### [What is needed]
From the line containing "aec54141a4 Studded cat-eye" to the end of the data, retype every line exactly and nothing else. Drop the pictures.

:: Dataset section

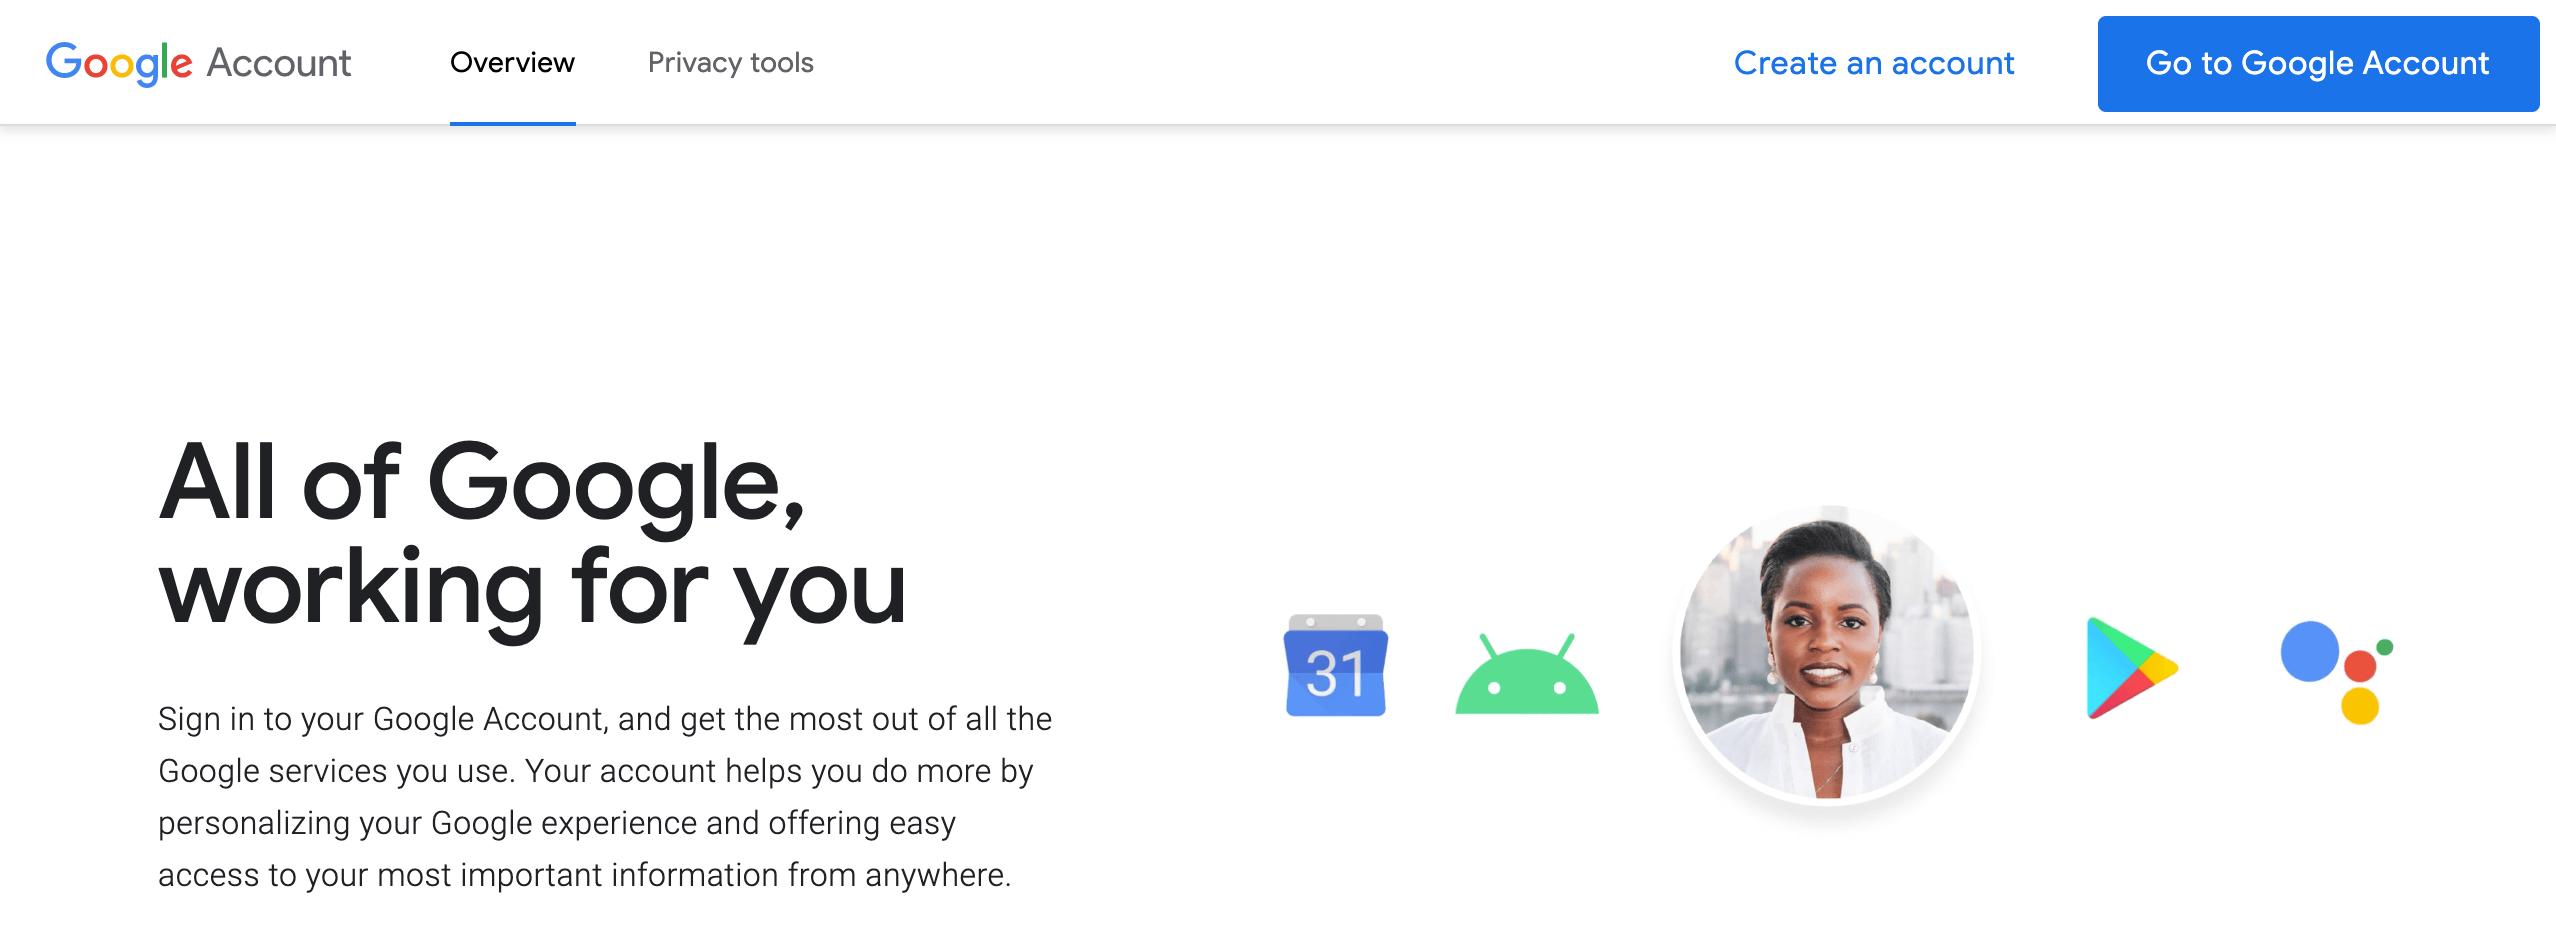 Google Account login screen.
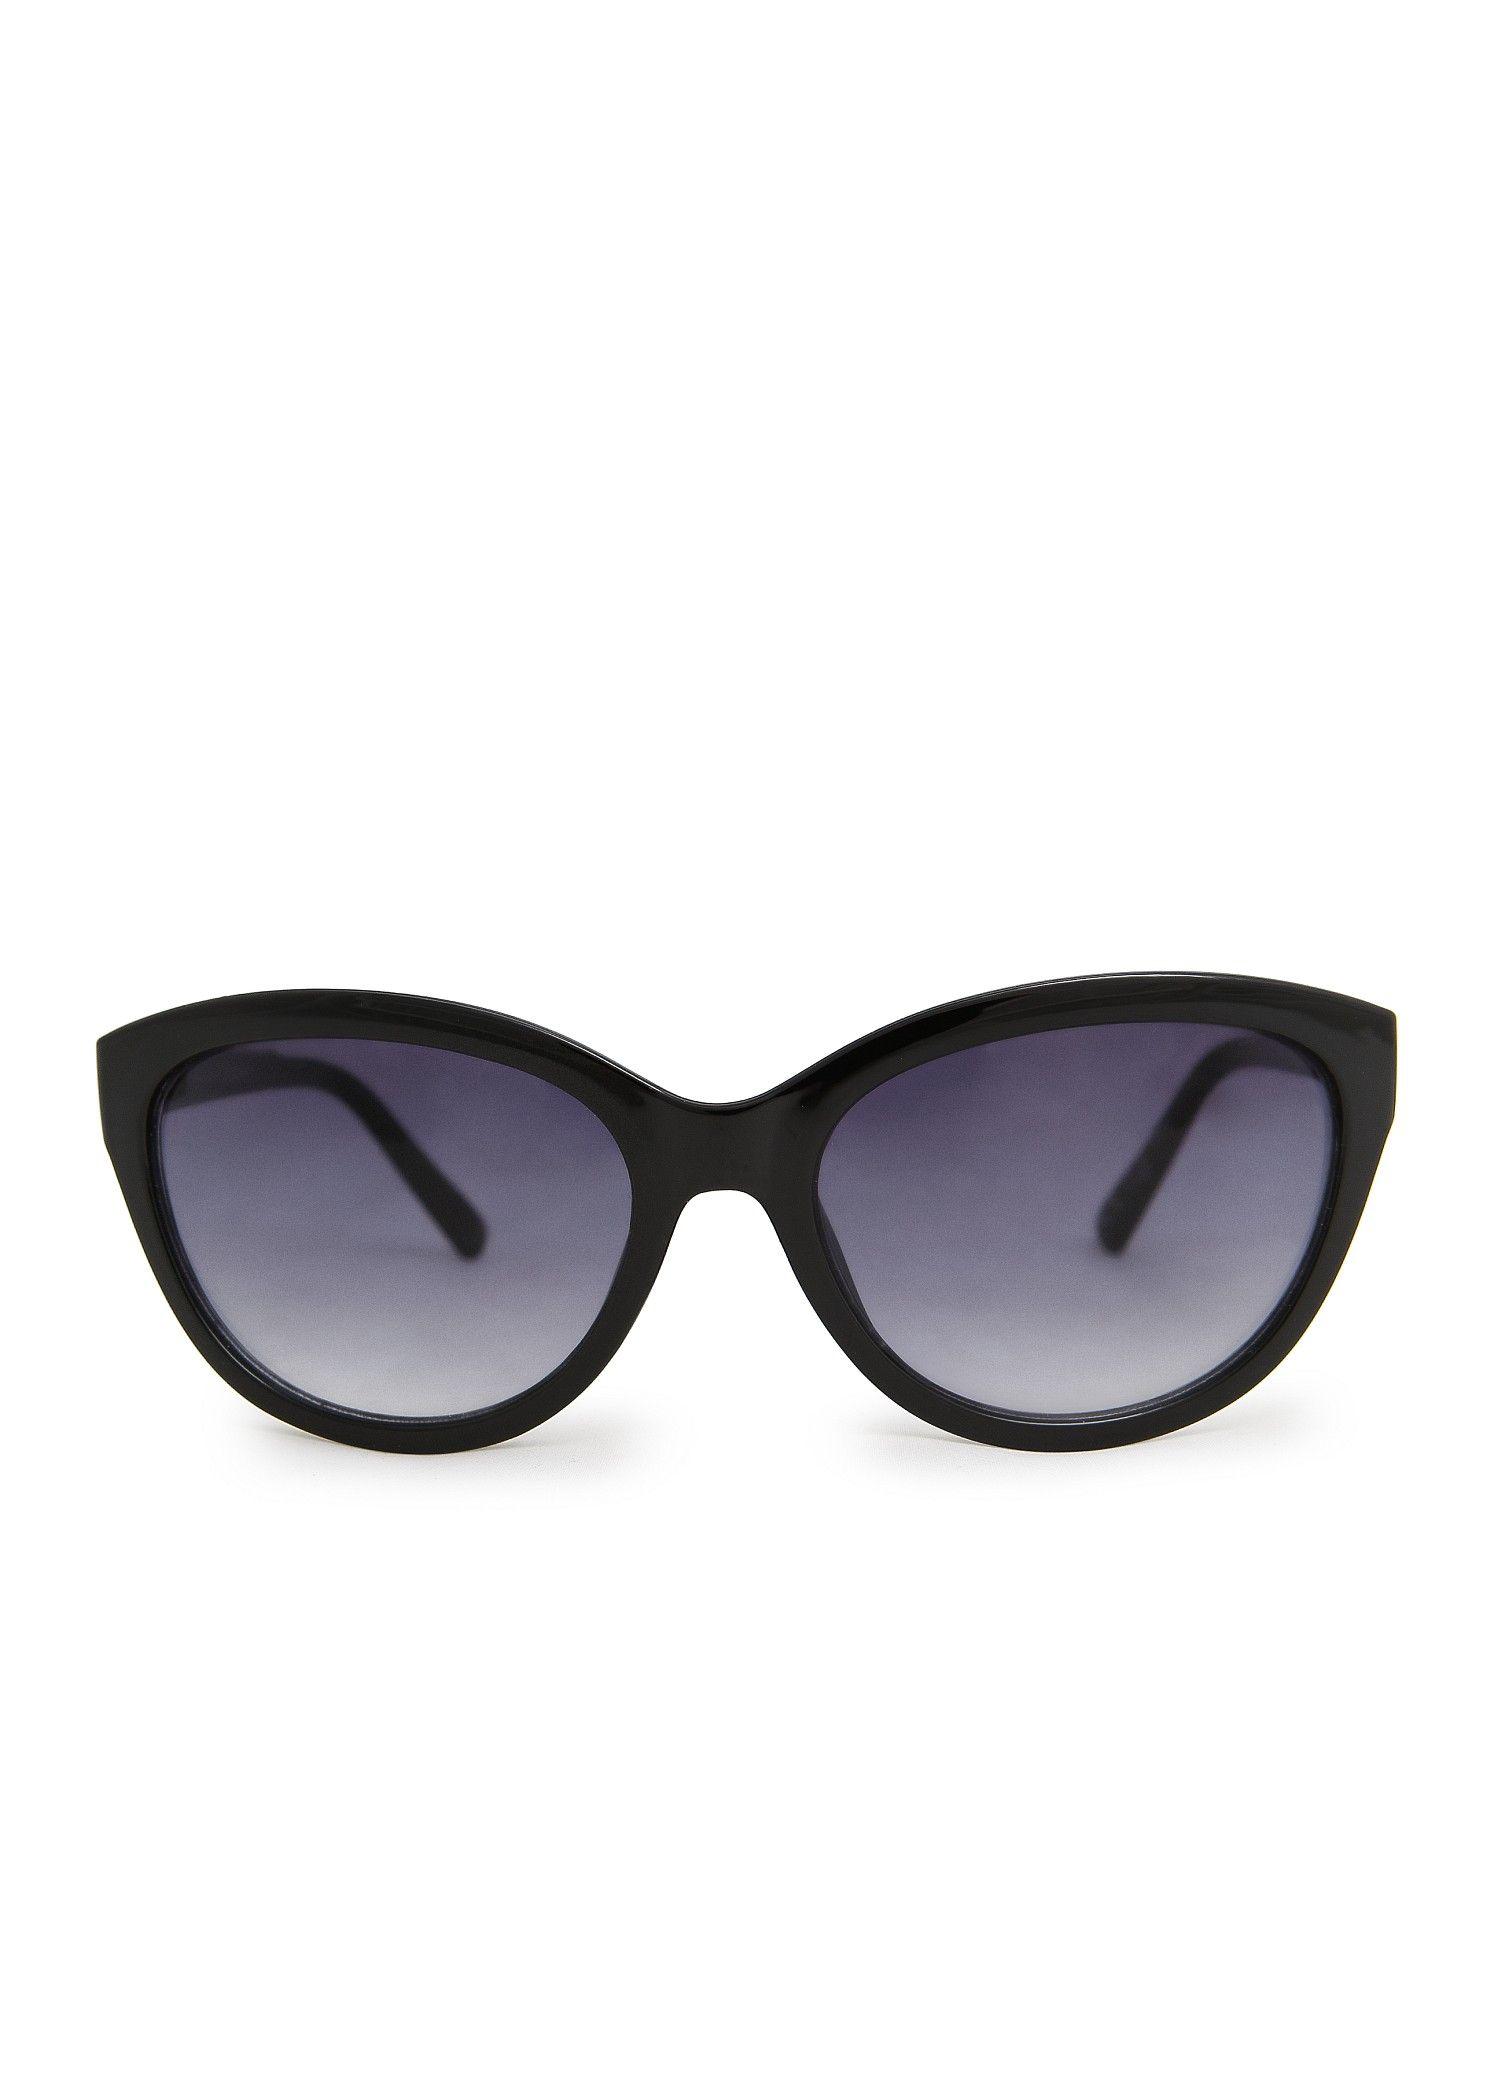 aec54141a4 Studded cat-eye sunglasses - Women | Accessorise All Areas | Gafas ...
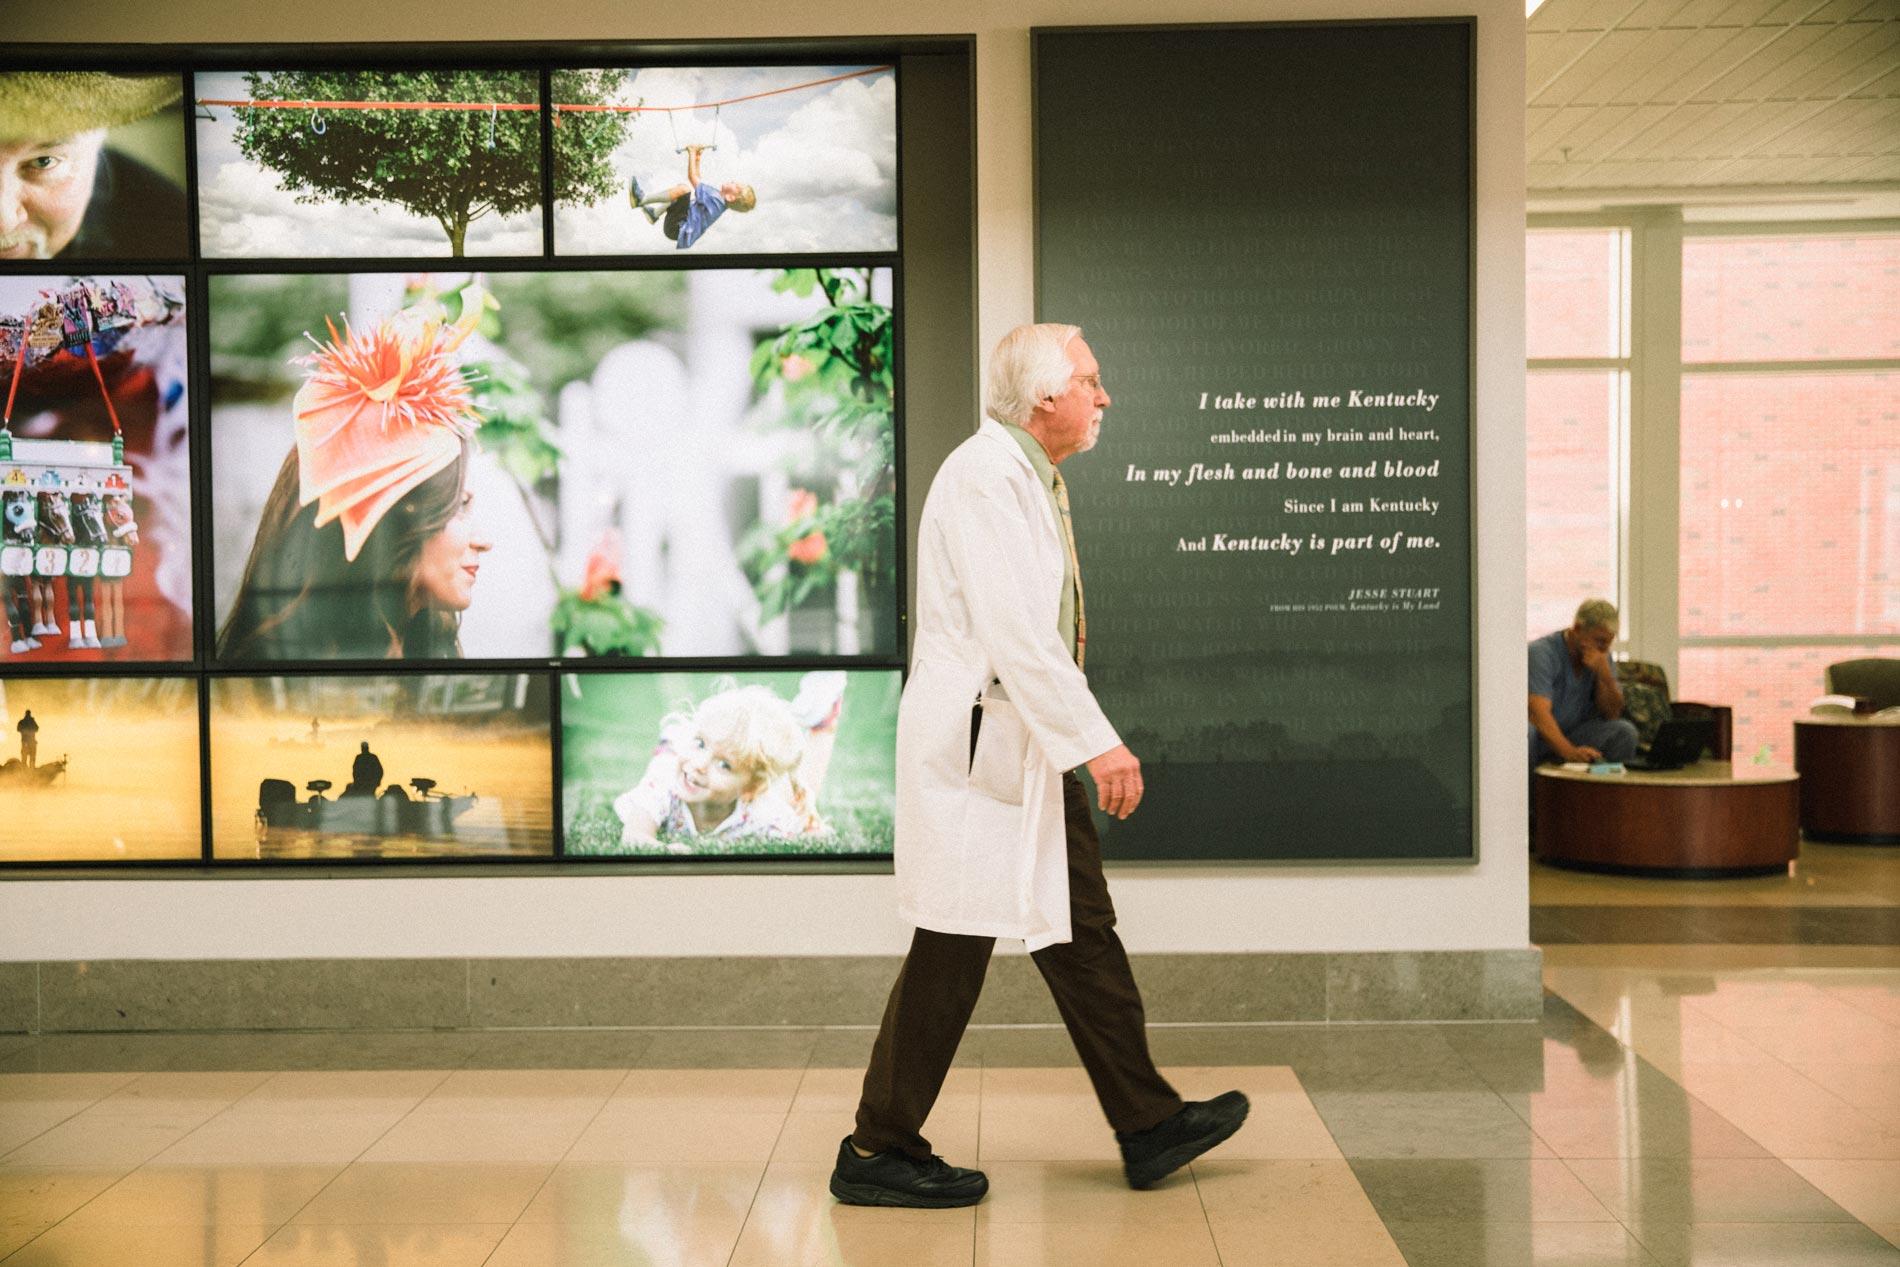 Dr. Ed Kasarskis walking in the Kentucky Neuroscience Institute

::::

### [Exercise solution]
 aec54141a4 Studded cat-eye sunglasses - Women | Accessorise All Areas | Gafas ...
 Dr. Ed Kasarskis walking in the Kentucky Neuroscience Institute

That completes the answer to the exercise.